PyPI - Version PyPI - Python Version

A multi-provider text-to-speech (TTS) tool that implements the Apple macOS /usr/bin/say command interface while supporting multiple TTS backends including Chatterbox (local AI), OpenAI, ElevenLabs, and Amazon Polly.

Features

  • macOS say Compatible: Drop-in replacement for the macOS say command with identical CLI interface
  • Multiple TTS Providers: Extensible provider system with support for:
    • macOS native say command (default on macOS)
    • Chatterbox (local AI TTS, default on other platforms)
    • ElevenLabs (implemented with API support)
    • OpenAI TTS (stub)
    • Amazon Polly (stub)
    • Mock provider for testing
  • Smart Text Chunking: Intelligently splits long text for optimal TTS processing
  • Audio Caching: Automatic caching with LRU eviction to speed up repeated synthesis
  • Progress Tracking: Built-in progress bars with tqdm and customizable callbacks
  • Multiple Audio Formats: Support for AIFF, WAV, M4A, MP3, CAF, FLAC, AAC, OGG
  • Background Pre-caching: Queue and cache audio chunks in the background (Chatterbox only)

Table of Contents

Installation

It's 2025, use uv

gensay is intended to be used as a CLI tool that is a drop-in replacement to the macOS say CLI.

# Install as a tool
uv tool install gensay

# Or add to your project
uv add gensay

# From source
git clone https://github.com/anthonywu/gensay
cd gensay
uv pip install -e .

Quick Start

# Basic usage - speaks the text
gensay "Hello, world!"

# Use specific voice
gensay -v Samantha "Hello from Samantha"

# Save to audio file
gensay -o greeting.m4a "Welcome to gensay"

# List available voices (two ways)
gensay -v '?'
gensay --list-voices

Command Line Usage

Basic Options

# Speak text
gensay "Hello, world!"

# Read from file
gensay -f document.txt

# Read from stdin
echo "Hello from pipe" | gensay -f -

# Specify voice
gensay -v Alex "Hello from Alex"

# Adjust speech rate (words per minute)
gensay -r 200 "Speaking faster"

# Save to file
gensay -o output.m4a "Save this speech"

# Specify audio format
gensay -o output.wav --format wav "Different format"

Provider Selection

# Use macOS native say command
gensay --provider macos "Using system TTS"
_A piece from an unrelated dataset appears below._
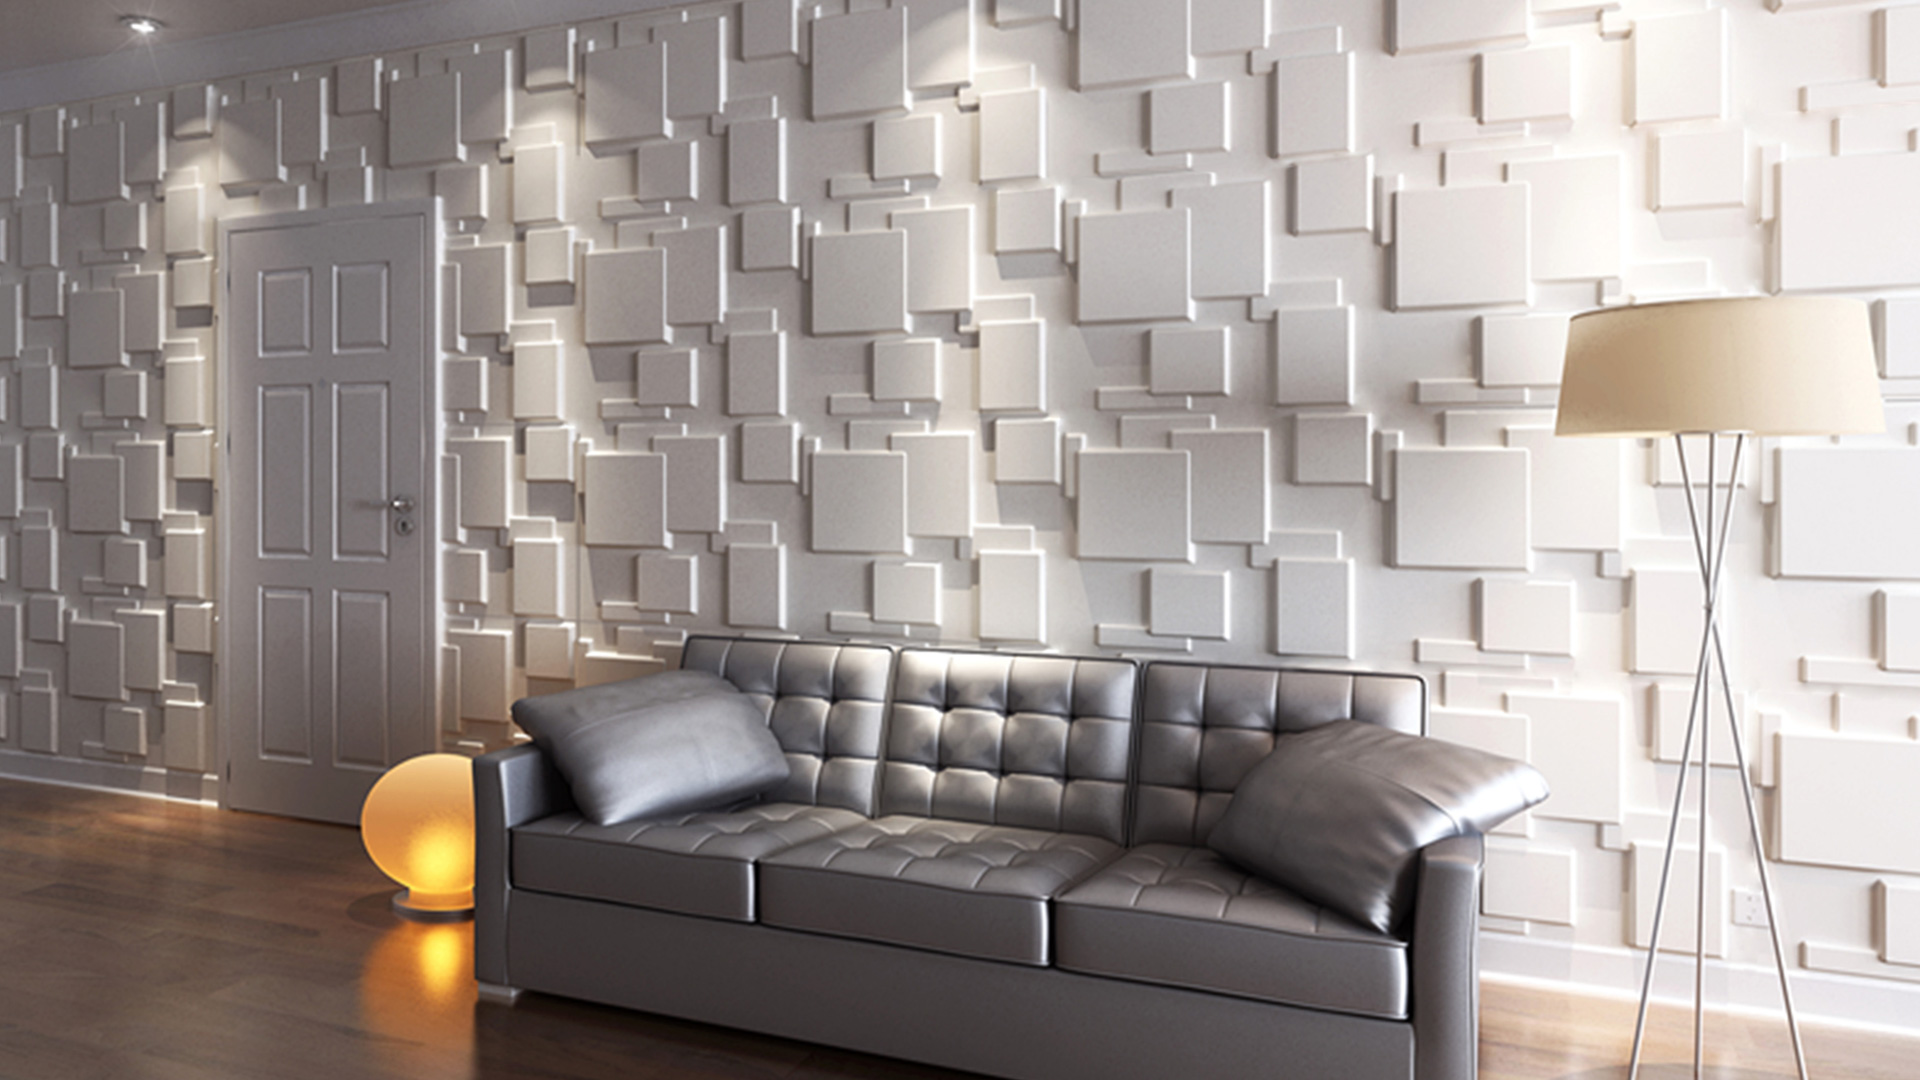 3D Wandpaneele - Produkte - Choc - Deckenpaneele - 3D Tapeten - Wandverkleidung

# List voices for specific provider
gensay --provider macos --list-voices
gensay --provider mock --list-voices

# Use mock provider for testing
gensay --provider mock "Testing without real TTS"

# Use Chatterbox explicitly
gensay --provider chatterbox "Local AI voice"

# Default provider depends on platform
gensay "Hello"  # Uses 'macos' on macOS, 'chatterbox' on other platforms

Advanced Options

# Show progress bar
gensay --progress "Long text with progress tracking"

# Pre-cache audio chunks in background
gensay --provider chatterbox --cache-ahead "Pre-process this text"

# Adjust chunk size
gensay --chunk-size 1000 "Process in larger chunks"

# Cache management
gensay --cache-stats     # Show cache statistics
gensay --clear-cache     # Clear all cached audio
gensay --no-cache "Text" # Disable cache for this run

Python API

Basic Usage

from gensay import ChatterboxProvider, TTSConfig, AudioFormat

# Create provider
provider = ChatterboxProvider()

# Speak text
provider.speak("Hello from Python")

# Save to file
provider.save_to_file("Save this", "output.m4a")

# List voices
voices = provider.list_voices()
for voice in voices:
    print(f"{voice['id']}: {voice['name']}")

Advanced Configuration

from gensay import ChatterboxProvider, TTSConfig, AudioFormat

# Configure TTS
config = TTSConfig(
    voice="default",
    rate=150,
    format=AudioFormat.M4A,
    cache_enabled=True,
    extra={
        'show_progress': True,
        'chunk_size': 500
    }
)

# Create provider with config
provider = ChatterboxProvider(config)

# Add progress callback
def on_progress(progress: float, message: str):
    print(f"Progress: {progress:.0%} - {message}")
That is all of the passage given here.